------ Records provided ------
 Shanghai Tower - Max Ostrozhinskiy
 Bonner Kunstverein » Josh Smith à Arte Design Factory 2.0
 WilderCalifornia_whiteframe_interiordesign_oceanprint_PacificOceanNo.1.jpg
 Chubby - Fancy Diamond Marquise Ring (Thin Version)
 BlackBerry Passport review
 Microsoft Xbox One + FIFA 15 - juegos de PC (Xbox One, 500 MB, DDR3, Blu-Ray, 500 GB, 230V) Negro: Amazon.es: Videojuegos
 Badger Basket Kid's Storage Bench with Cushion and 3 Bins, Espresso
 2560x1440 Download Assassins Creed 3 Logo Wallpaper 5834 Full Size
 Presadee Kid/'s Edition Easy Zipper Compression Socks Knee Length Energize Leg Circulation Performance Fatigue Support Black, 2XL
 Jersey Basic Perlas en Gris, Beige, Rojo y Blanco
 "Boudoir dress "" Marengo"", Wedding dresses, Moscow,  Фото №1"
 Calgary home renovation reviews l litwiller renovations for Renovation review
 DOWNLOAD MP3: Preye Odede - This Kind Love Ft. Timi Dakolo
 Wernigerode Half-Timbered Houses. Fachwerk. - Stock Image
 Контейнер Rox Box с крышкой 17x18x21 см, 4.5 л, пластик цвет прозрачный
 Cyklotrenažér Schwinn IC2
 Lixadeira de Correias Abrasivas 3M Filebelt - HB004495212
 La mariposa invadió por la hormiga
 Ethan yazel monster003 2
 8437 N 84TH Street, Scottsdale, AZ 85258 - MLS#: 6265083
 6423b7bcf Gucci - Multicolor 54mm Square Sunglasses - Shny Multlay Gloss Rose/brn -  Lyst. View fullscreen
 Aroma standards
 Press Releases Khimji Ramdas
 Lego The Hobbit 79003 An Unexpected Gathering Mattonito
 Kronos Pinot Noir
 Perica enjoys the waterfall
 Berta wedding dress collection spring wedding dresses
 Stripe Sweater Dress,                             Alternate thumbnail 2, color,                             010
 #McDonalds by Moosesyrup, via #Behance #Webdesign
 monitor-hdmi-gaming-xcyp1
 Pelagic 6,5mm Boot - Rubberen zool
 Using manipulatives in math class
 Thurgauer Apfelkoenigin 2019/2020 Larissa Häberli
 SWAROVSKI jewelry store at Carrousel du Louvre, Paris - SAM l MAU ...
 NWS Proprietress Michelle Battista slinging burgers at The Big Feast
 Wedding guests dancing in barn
------
The task:
All the entries are to be set down exactly as they appear.

Solution below:
 Shanghai Tower - Max Ostrozhinskiy
 Bonner Kunstverein » Josh Smith à Arte Design Factory 2.0
 WilderCalifornia_whiteframe_interiordesign_oceanprint_PacificOceanNo.1.jpg
 Chubby - Fancy Diamond Marquise Ring (Thin Version)
 BlackBerry Passport review
 Microsoft Xbox One + FIFA 15 - juegos de PC (Xbox One, 500 MB, DDR3, Blu-Ray, 500 GB, 230V) Negro: Amazon.es: Videojuegos
 Badger Basket Kid's Storage Bench with Cushion and 3 Bins, Espresso
 2560x1440 Download Assassins Creed 3 Logo Wallpaper 5834 Full Size
 Presadee Kid/'s Edition Easy Zipper Compression Socks Knee Length Energize Leg Circulation Performance Fatigue Support Black, 2XL
 Jersey Basic Perlas en Gris, Beige, Rojo y Blanco
 "Boudoir dress "" Marengo"", Wedding dresses, Moscow,  Фото №1"
 Calgary home renovation reviews l litwiller renovations for Renovation review
 DOWNLOAD MP3: Preye Odede - This Kind Love Ft. Timi Dakolo
 Wernigerode Half-Timbered Houses. Fachwerk. - Stock Image
 Контейнер Rox Box с крышкой 17x18x21 см, 4.5 л, пластик цвет прозрачный
 Cyklotrenažér Schwinn IC2
 Lixadeira de Correias Abrasivas 3M Filebelt - HB004495212
 La mariposa invadió por la hormiga
 Ethan yazel monster003 2
 8437 N 84TH Street, Scottsdale, AZ 85258 - MLS#: 6265083
 6423b7bcf Gucci - Multicolor 54mm Square Sunglasses - Shny Multlay Gloss Rose/brn -  Lyst. View fullscreen
 Aroma standards
 Press Releases Khimji Ramdas
 Lego The Hobbit 79003 An Unexpected Gathering Mattonito
 Kronos Pinot Noir
 Perica enjoys the waterfall
 Berta wedding dress collection spring wedding dresses
 Stripe Sweater Dress,                             Alternate thumbnail 2, color,                             010
 #McDonalds by Moosesyrup, via #Behance #Webdesign
 monitor-hdmi-gaming-xcyp1
 Pelagic 6,5mm Boot - Rubberen zool
 Using manipulatives in math class
 Thurgauer Apfelkoenigin 2019/2020 Larissa Häberli
 SWAROVSKI jewelry store at Carrousel du Louvre, Paris - SAM l MAU ...
 NWS Proprietress Michelle Battista slinging burgers at The Big Feast
 Wedding guests dancing in barn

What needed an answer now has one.